A one-meter rod is suspended at its middle so that it balances. Suppose one-gram on the rod at the following distances from one end.
20cm 27cm 38cm 44cm 58cm 70cm 83cm 94cm
Where must a one gram weight be hung so that the rod will balances at the 50 centimeter mark
Where must two gram weight be hung so that the rod will balance at the 50 centimeter mark
To solve this problem, we need to understand the concept of torque and equilibrium.
Torque is the rotational equivalent of force. It is calculated by multiplying the force applied by the distance from the pivot point (fulcrum). In this case, the fulcrum is at the middle of the rod.
Equilibrium is a state where the system is balanced and not in motion. In rotational equilibrium, the sum of the torques acting on the object must be zero.
Given that the rod balances at its middle, we know that the sum of the torques acting on it from the left side and the right side are equal. Mathematically, we can express this as:
Torque on the left side = Torque on the right side
Now, let's break down the problem:
1. Where must a one gram weight be hung so that the rod will balance at the 50 centimeter mark?
To balance the rod at the 50 centimeter mark, we need to find the point where the torque on the left side is equal to the torque on the right side.
Let's assume we hang the one gram weight at a distance 'x' from the left end of the rod. We can calculate the torque on each side as follows:
Torque on the left side = (20 cm * 1 gram) + (27 cm * 1 gram) + (38 cm * 1 gram) + (44 cm * 1 gram)

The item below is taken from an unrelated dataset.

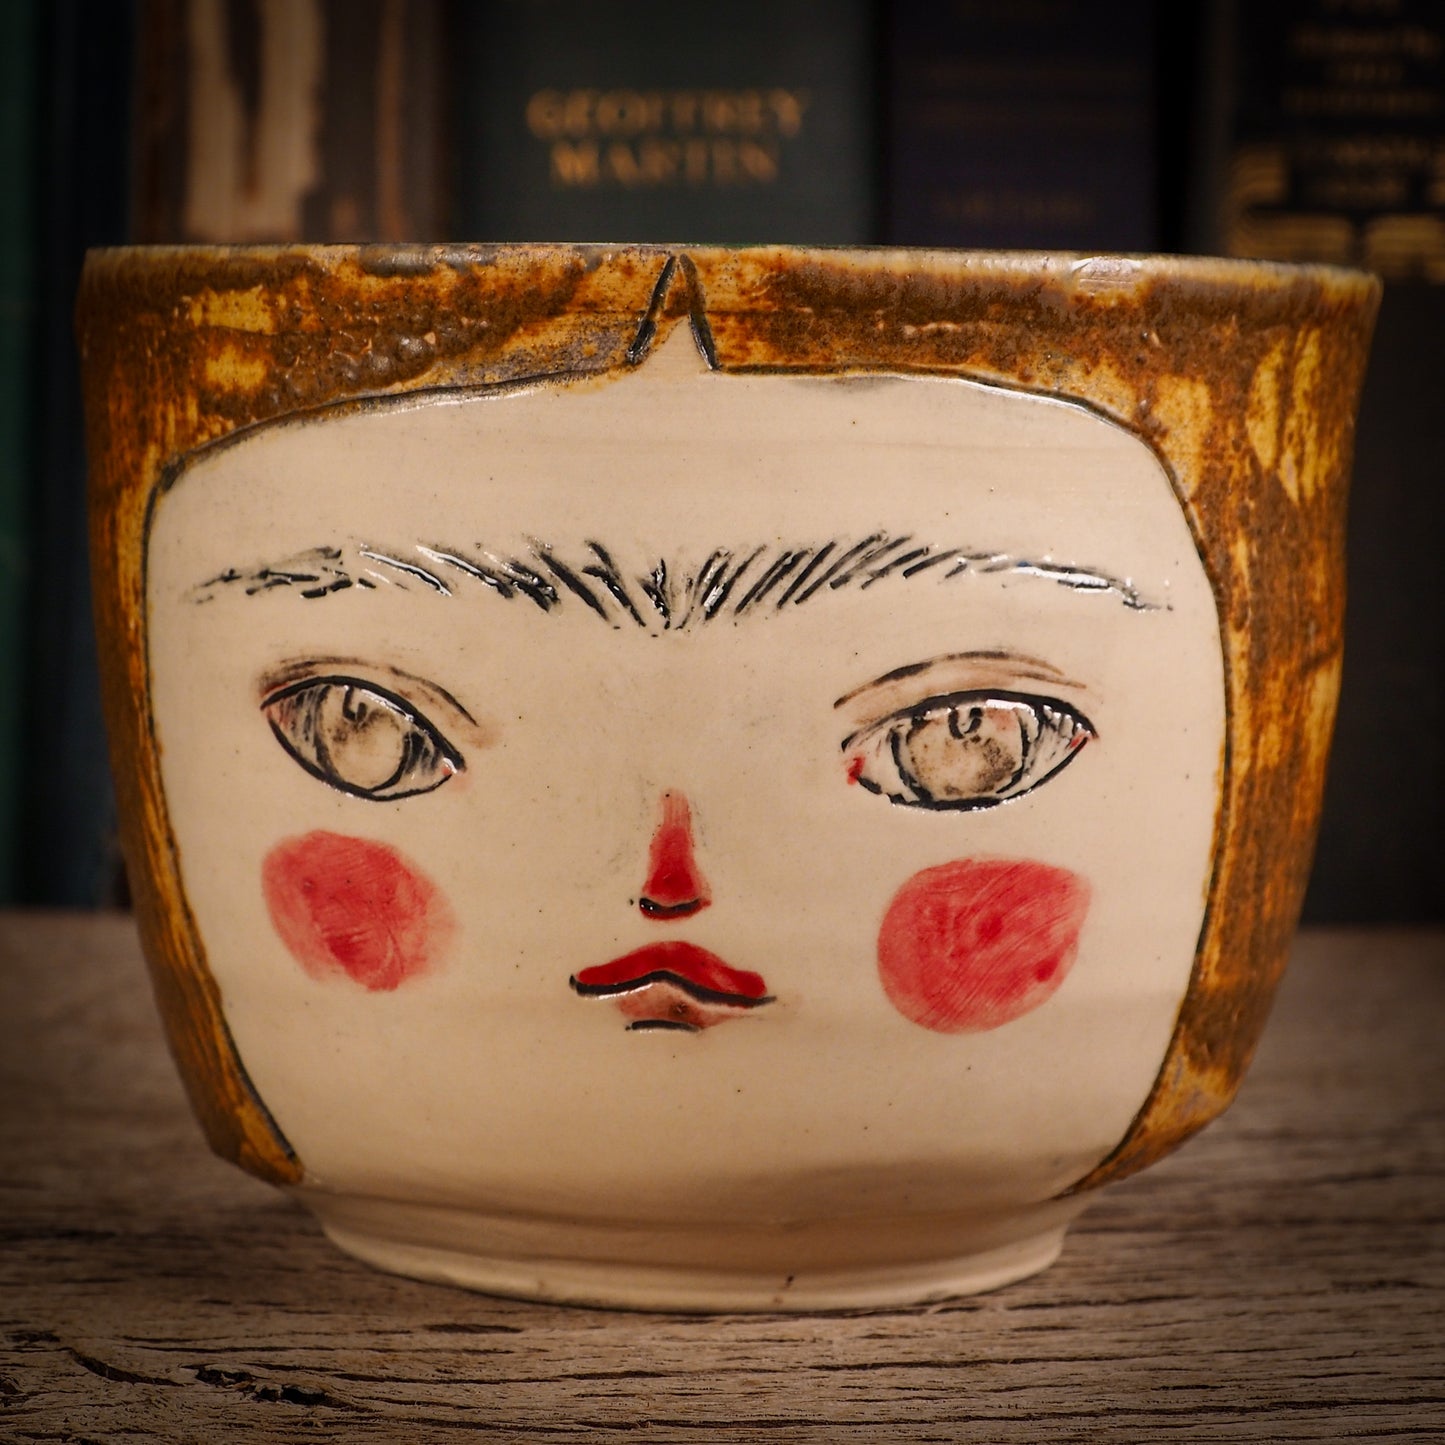  this is an original handmade glazed stoneware ceramic bowl by Idania Salcido the artist behind Danita Art, with Frida Kahlo hand sculpted on it, this is a unique and original home decoration one of a kind kitchenware piece.

Torque on the right side = (58 cm * 1 gram) + (70 cm * 1 gram) + (83 cm * 1 gram) + (94 cm * 1 gram) + (x * 1 gram)
Setting the torques equal, we have:
(20 + 27 + 38 + 44) = (58 + 70 + 83 + 94 + x)
Simplifying the equation, we have:
(129) = (305 + x)
Rearranging the equation, we find:
x = 129 - 305
x = -176
Since the distance cannot be negative, we conclude that the one gram weight cannot be hung on the left side of the 50 centimeter mark in order to balance the rod. Therefore, it is not possible to hang a one gram weight in such a way that the rod balances at the 50 centimeter mark.
2. Where must a two gram weight be hung so that the rod will balance at the 50 centimeter mark?
Similar to the first question, we need to find the point where the torques on both sides are equal.
Let's assume we hang the two gram weight at a distance 'y' from the left end of the rod. The torques can be calculated as follows:
Torque on the left side = (20 cm * 1 gram) + (27 cm * 1 gram) + (38 cm * 1 gram) + (44 cm * 1 gram)
Torque on the right side = (58 cm * 1 gram) + (70 cm * 1 gram) + (83 cm * 1 gram) + (94 cm * 1 gram) + (50 cm * 2 grams) + (y * 2 grams)
Setting the torques equal, we have:
(20 + 27 + 38 + 44) = (58 + 70 + 83 + 94 + 50*2 + y*2)
Simplifying the equation:
(129) = (395 + 2y)
Rearranging the equation:
2y = 129 - 395
2y = -266
y = -133
Again, we obtain a negative distance, which is not possible. Therefore, it is not possible to hang a two gram weight in such a way that the rod balances at the 50 centimeter mark.
In conclusion, for both a one gram weight and a two gram weight, it is not possible to hang them in a position that will balance the rod at the 50 centimeter mark.